16:45 - 18:15
Location: LI-2407
Chair/s:
Ethan Busby
Discussant/s:
David Hagmann
Elif Erisen - Stakes, Prospects, and Policy Domain: Citizens' Willingness to Delegate Political Decisions to Artificial Intelligence
Ethan Busby - Productive Disagreement as a Skill: AI-Supported Training for Political Conversations
Ma Runyi - Knoweia as a Learning Dialogue Terminal: A Multi-Agent AI System for Structured Learning in Computational Social Science
Zengchang Qin - Investigating Self-View Convergence in LLM Agents and Human-AI Interaction
Zhexi LIU - Facing the "Face": An LLM-Assisted Study on the Alignment of Political Leader Traits
Submission 55
Knoweia as a Learning Dialogue Terminal: A Multi-Agent AI System for Structured Learning in Computational Social Science
Panel 3-LI-2407-04
Presented by: Ma Runyi
Tang Shiyun 1, Hou Yuxin 2, 3, Ma Runyi 2, Hu Jingtian 4, Pang Xun 2
1 School of Economics, Renmin University of China
2 PKU Analytics Lab for Global Risk Politics, Peking University
3 Center for Social Research, Peking University
4 Tsinghua University

This paper presents Knoweia, a dialogue-centered AI learning system designed to support computational social science education, where students must coordinate causal reasoning, research design, coding, and data analysis. Rather than treating large language models as answer generators, Knoweia functions as instructional infrastructure that organizes learning as a guided and stateful process.

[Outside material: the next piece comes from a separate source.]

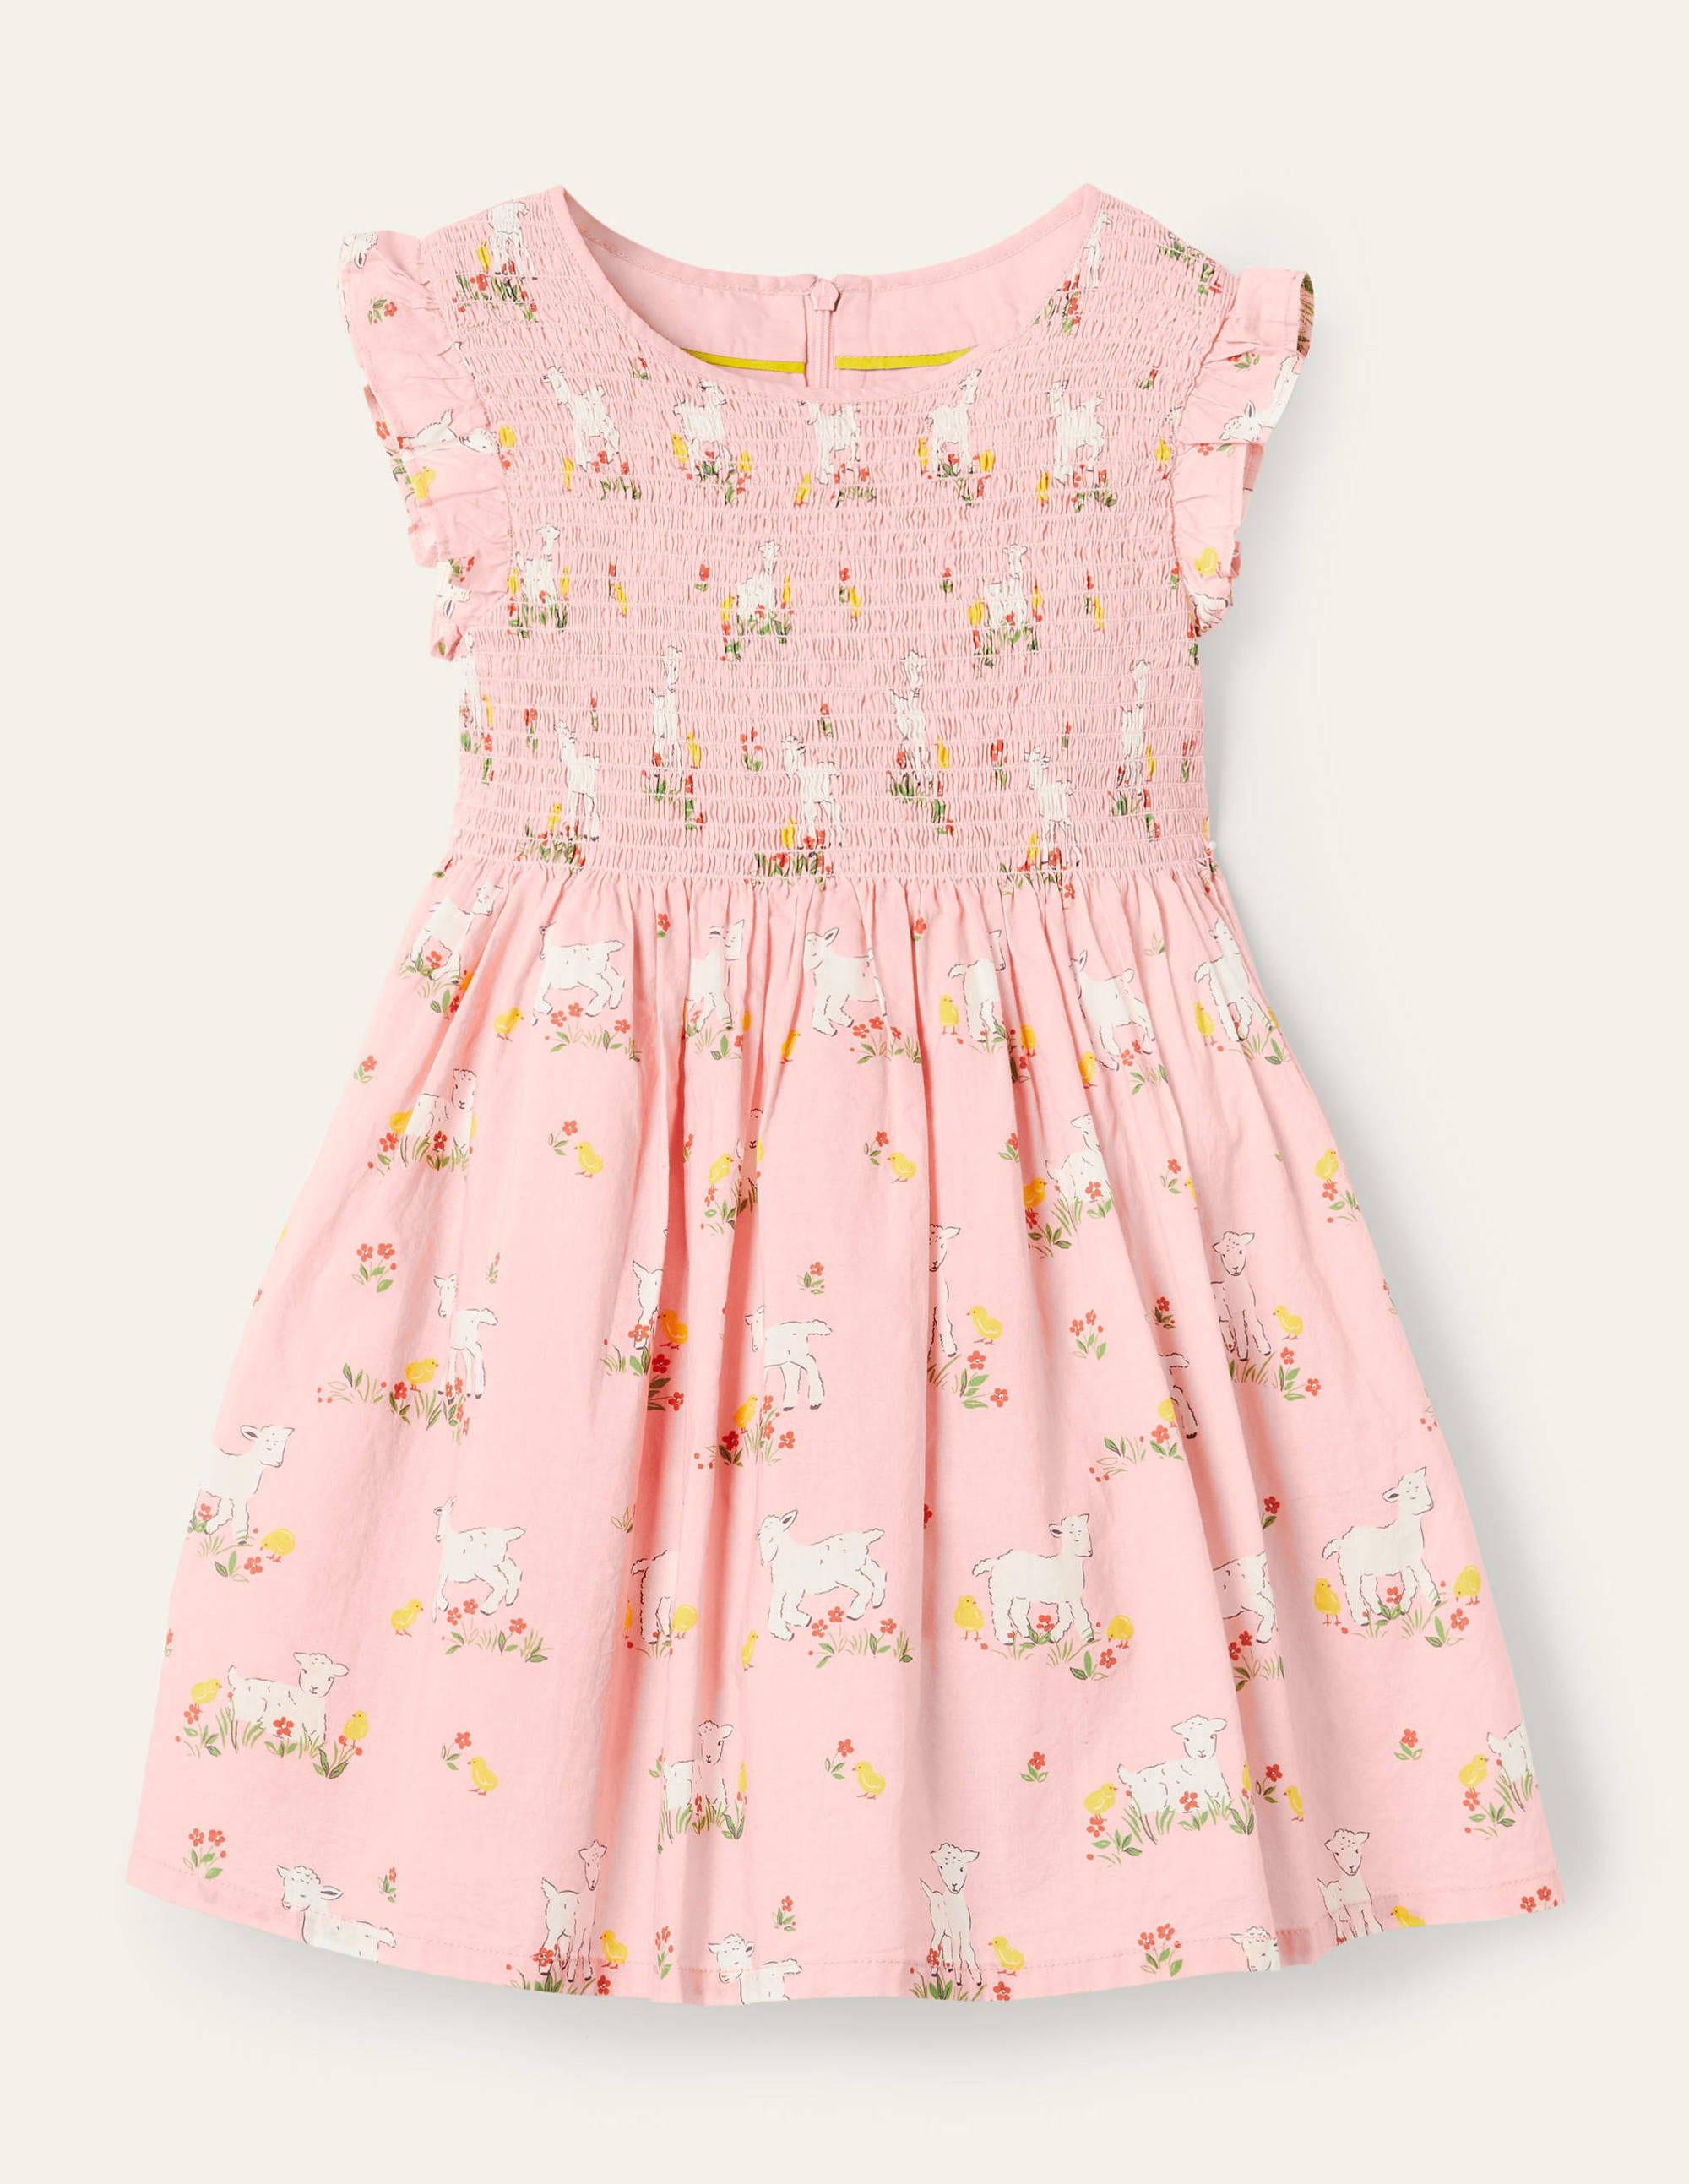 Boden Smocked Woven Dress - Boto Pink Lambs

We introduce the concept of Instructional Navigation Capacity (INC), defined as a learner’s ability to orient within a task space, interpret obstacles, and progress under uncertainty. INC is operationalized using process-trace data, including persistence after errors, recovery from repeated blockers, structured task progression, and patterns of help-seeking.

Knoweia implements this framework through a multi-agent architecture consisting of a learner-facing Companion Agent, a Roadmap Manager that tracks and updates task trajectories, a Memo Agent that records longitudinal learning patterns, and an expert layer for controlled escalation. The system is deployed in an ongoing course with 236 students from diverse disciplinary backgrounds.

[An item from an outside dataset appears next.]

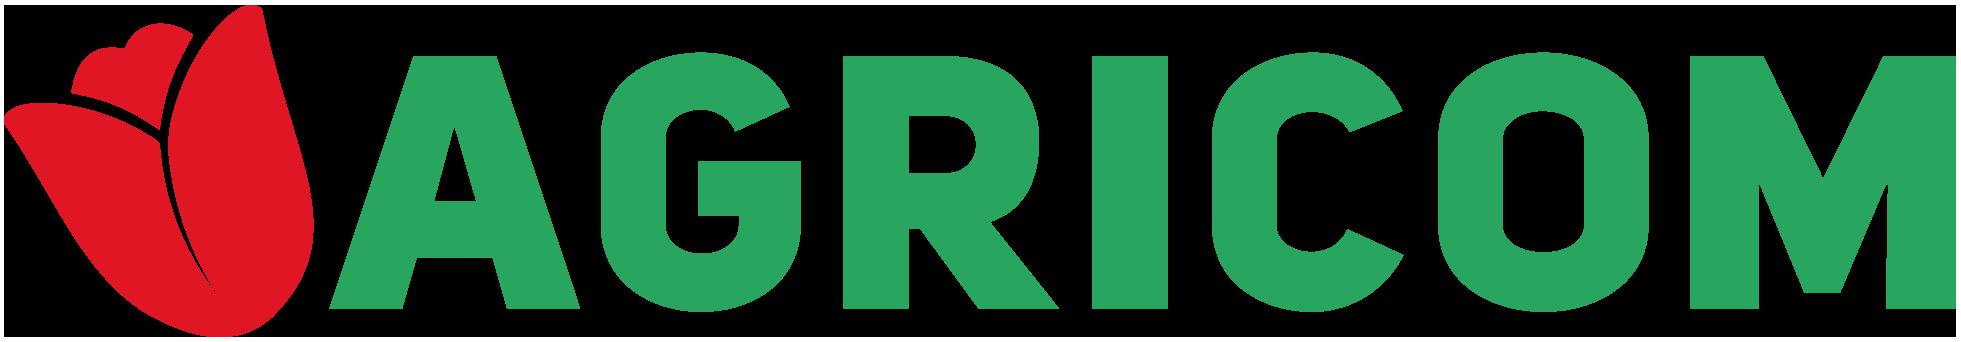 AGRICOM-logo-web

We combine baseline survey data with fine-grained interaction traces to examine how dialogue-centered AI guidance relates to learning-process outcomes such as persistence, error recovery, and trajectory coherence. By linking conceptual framing, system design, and behavioral data, the paper contributes a process-oriented framework for evaluating human–AI learning systems in computational social science.